Il disturbo può insorgere dopo un’esperienza percepita come traumatica dalla donna: complicazioni mediche in gravidanza, interventi durante il travaglio, situazioni di emergenza. Ma può presentarsi anche dopo una gravidanza o un parto senza alcuna complicazione rilevante. I sintomi comprendono ricordi intrusivi, incubi, ansia e pensieri negativi persistenti. Sembrerebbero segnali evidenti, eppure vengono spesso scambiati per altro, in particolare per depressione post partum, con il risultato di una diagnosi sbagliata che allontana la paziente dal trattamento giusto.

“Il problema principale è che i medici di base, nella pratica, diagnosticano alla cieca perché non hanno le informazioni né gli strumenti necessari per fare valutazioni adeguate”, spiega Foreman.

Formazione assente e porte d’ingresso intasate

Le linee guida nazionali del NICE affrontano il tema del trauma ostetrico, ma i medici di assistenza primaria non ricevono una formazione pratica che consenta loro di valutare il rischio, misurare la gravità del disturbo e capire quali pazienti vadano indirizzate a cure specialistiche. A questo si somma il contesto quotidiano degli ambulatori: “I medici di famiglia affrontano una pressione crescente, carenza di personale e tempi di visita limitati, pur essendo la principale porta di accesso ai servizi specialistici di salute mentale per le neomamme”, osserva Foreman.

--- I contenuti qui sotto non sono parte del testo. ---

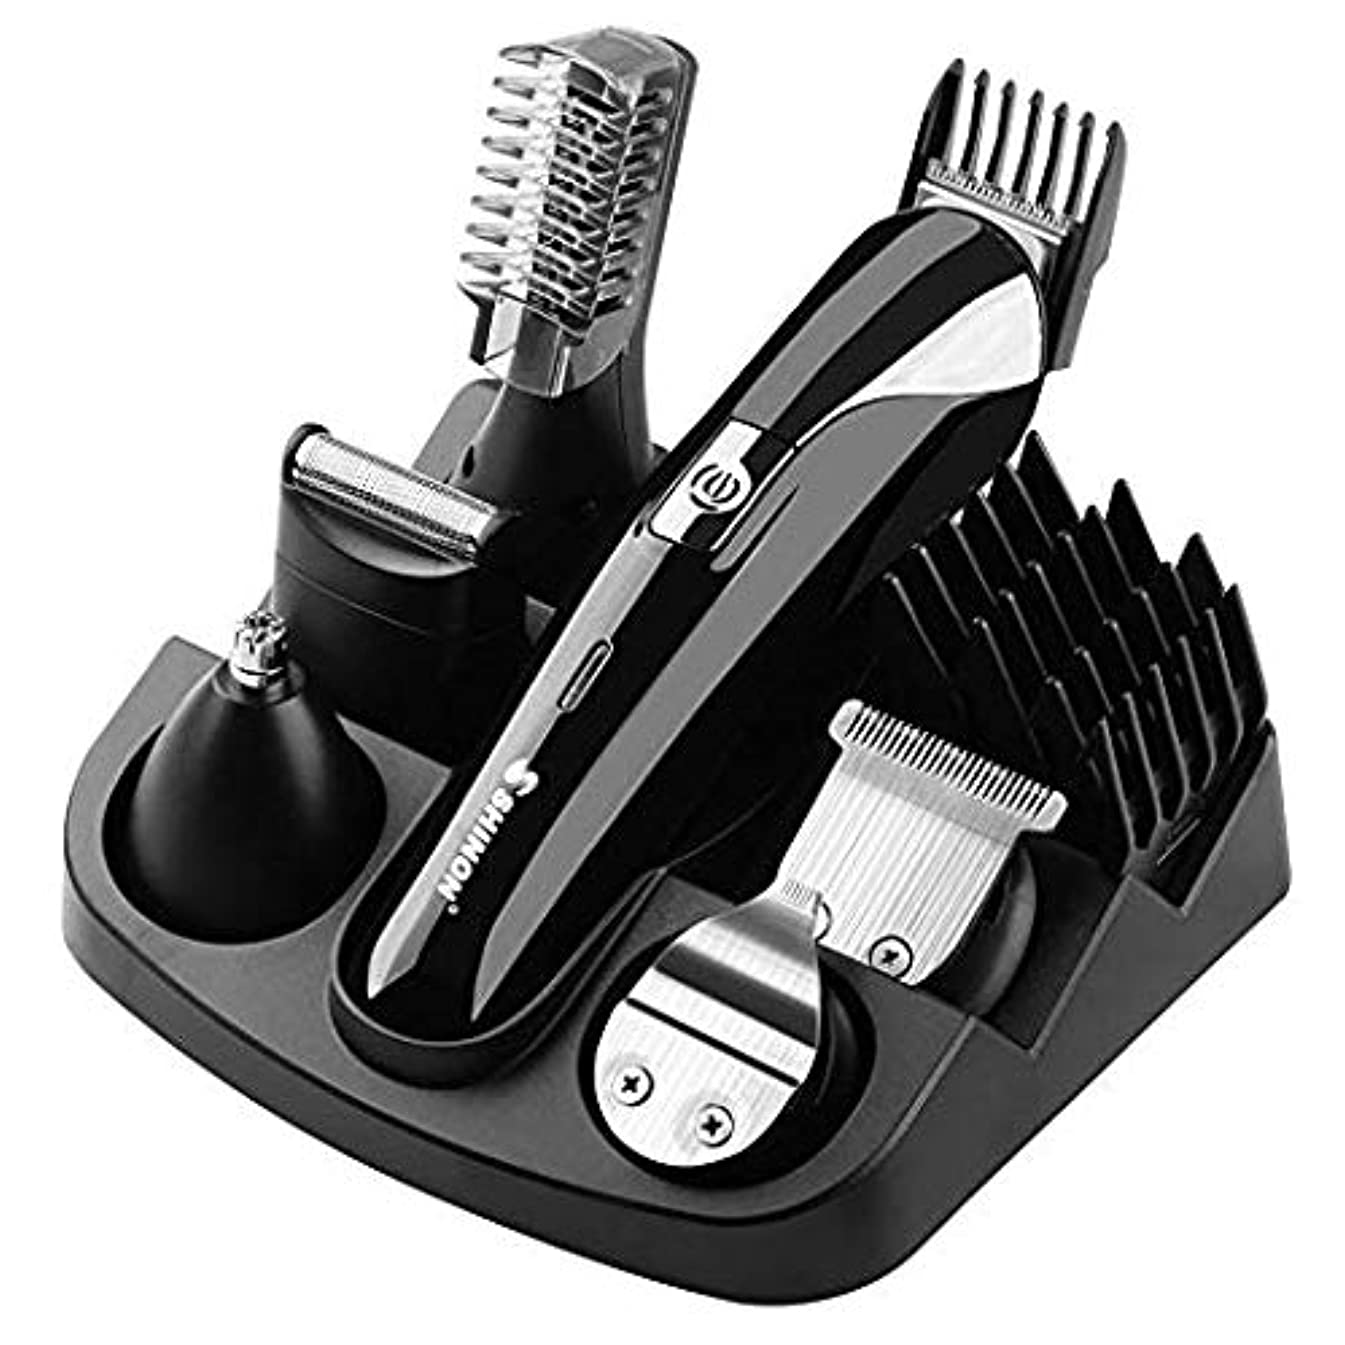 うまくいけばロッドスチュワーデスバリカン 電動バリカン コードレス 一台六役 Alture 3mm-12mm ボウズカッター 充電式 防水 自宅で散髪 高性能 セット 散髪代節約に!家庭用 子供 セルフカット

Le conseguenze di un mancato riconoscimento si allungano ben oltre il primo anno. Alcune donne sviluppano livelli di ansia così alti da cercare in modo continuo e disperato il parere dei medici sul proprio stato di salute e su quello del bambino. Altre, al contrario, evitano del tutto qualsiasi contatto con i servizi sanitari, anche nelle gravidanze successive. “Possono chiedere cesarei elettivi in fasi avanzate della gravidanza per recuperare una sensazione di controllo. Altre rifiutano le cure raccomandate o scelgono il parto in casa, anche in gravidanze ad alto rischio, per evitare interventi legati all’esperienza precedente”, aggiunge l’autrice.

Tra il 2021 e il 2023 il suicidio è rimasto la prima causa di morte tra le donne britanniche nel primo anno dopo il parto. I ricercatori chiedono quindi linee guida chiare e strumenti pratici per riconoscere i sintomi già durante i controlli postnatali di routine, insieme a una formazione migliore dei medici di base, campagne di sensibilizzazione e percorsi più rapidi verso i servizi specializzati.